* Exercise description:
Leave the images aside and repeat the whole listing exactly.

═════ Recorded data ═════

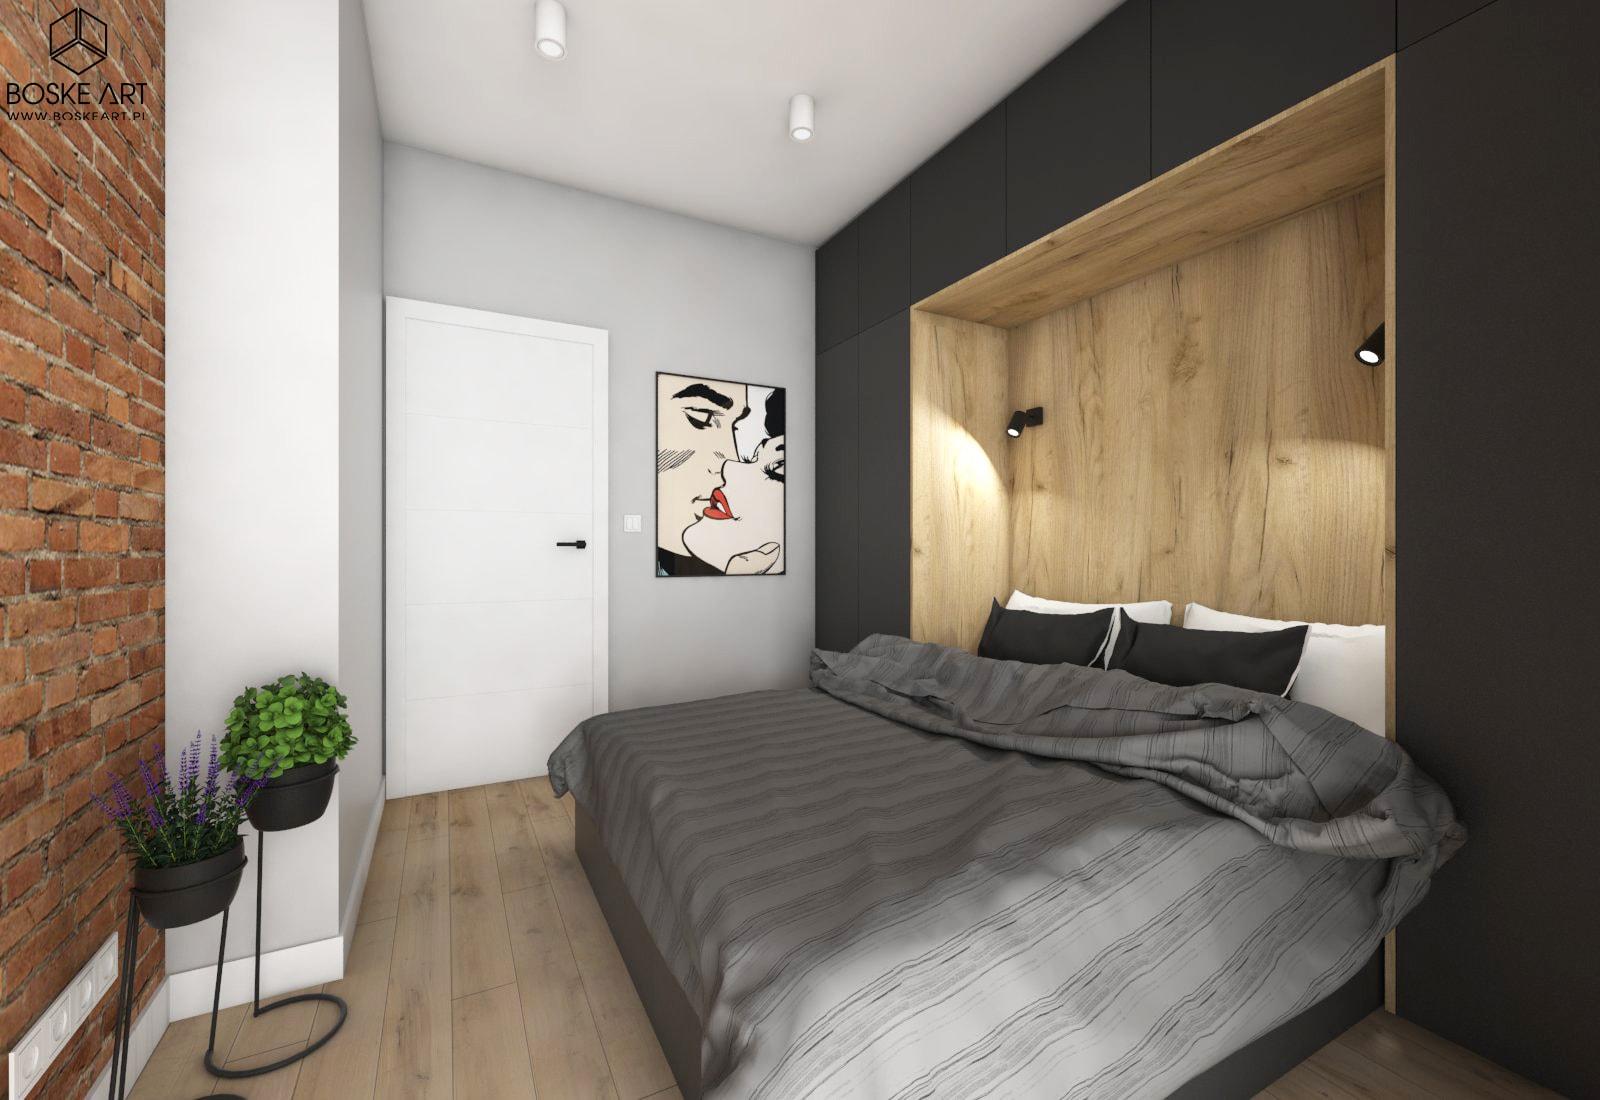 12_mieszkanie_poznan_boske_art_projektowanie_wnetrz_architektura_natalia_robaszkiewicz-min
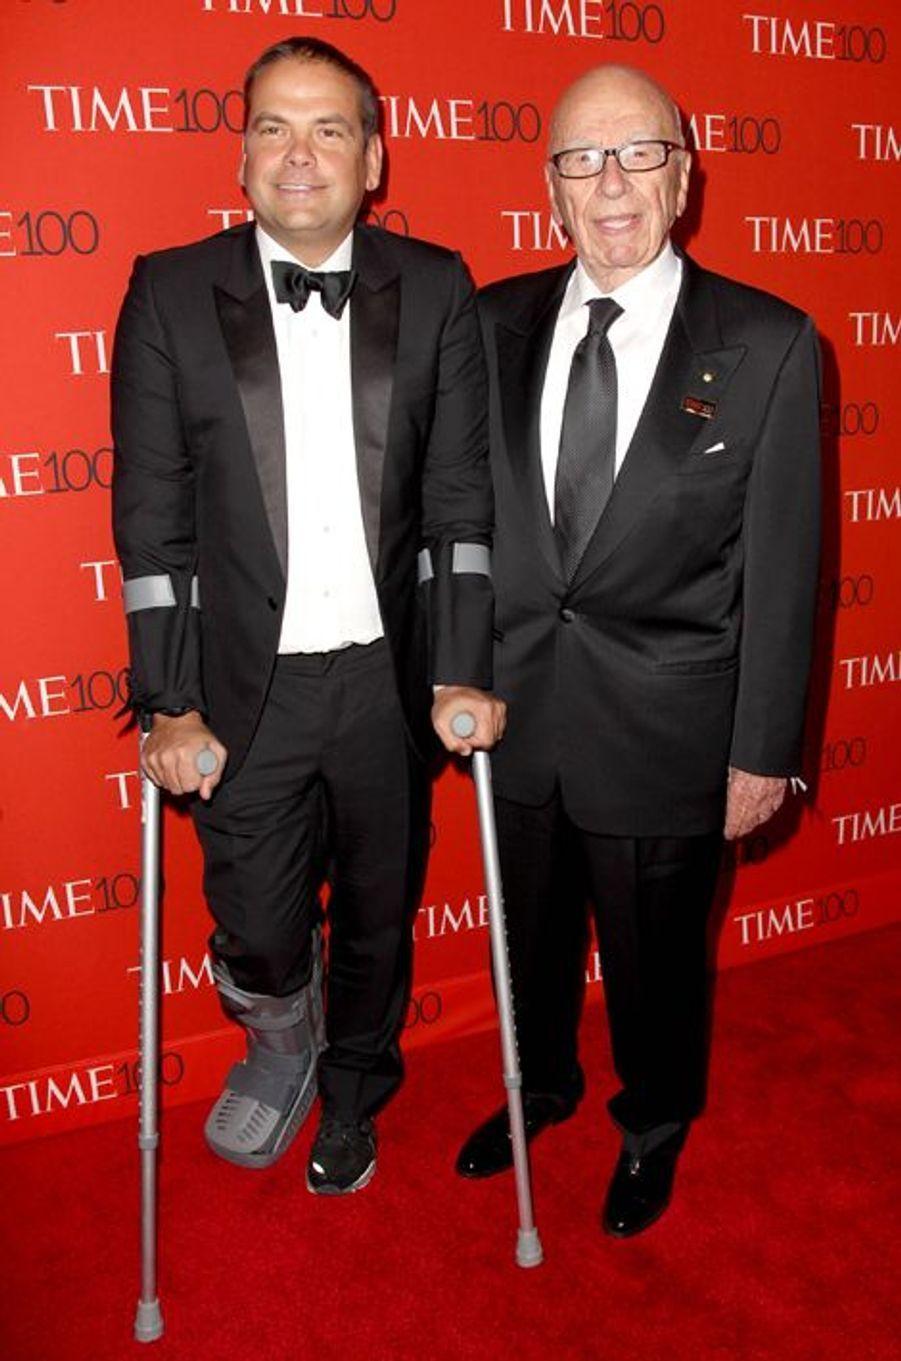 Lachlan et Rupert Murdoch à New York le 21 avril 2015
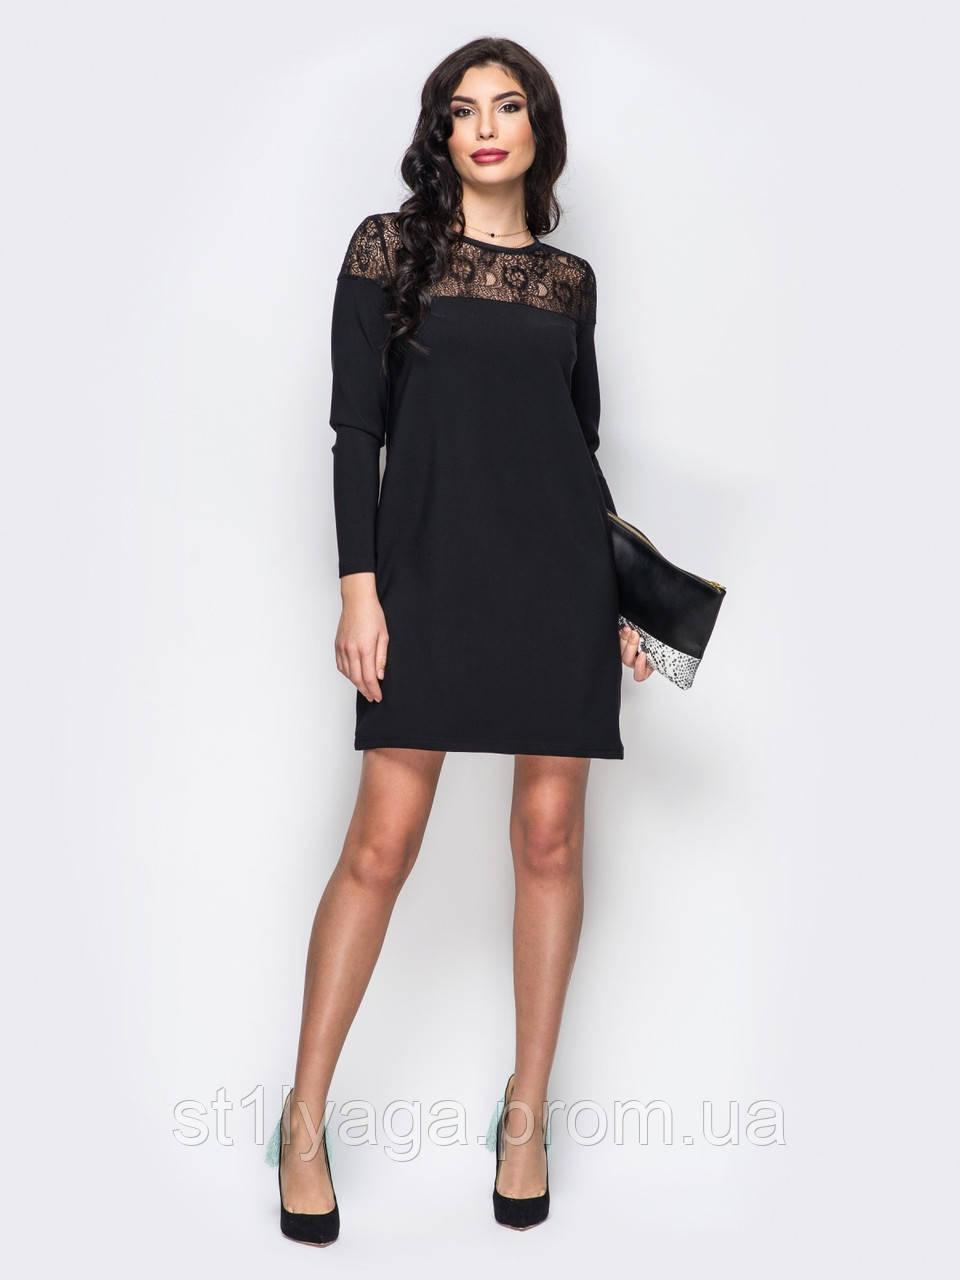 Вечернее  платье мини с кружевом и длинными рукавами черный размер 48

═════

* Exercise solution:
 12_mieszkanie_poznan_boske_art_projektowanie_wnetrz_architektura_natalia_robaszkiewicz-min
 Lachlan et Rupert Murdoch à New York le 21 avril 2015
 Вечернее  платье мини с кружевом и длинными рукавами черный размер 48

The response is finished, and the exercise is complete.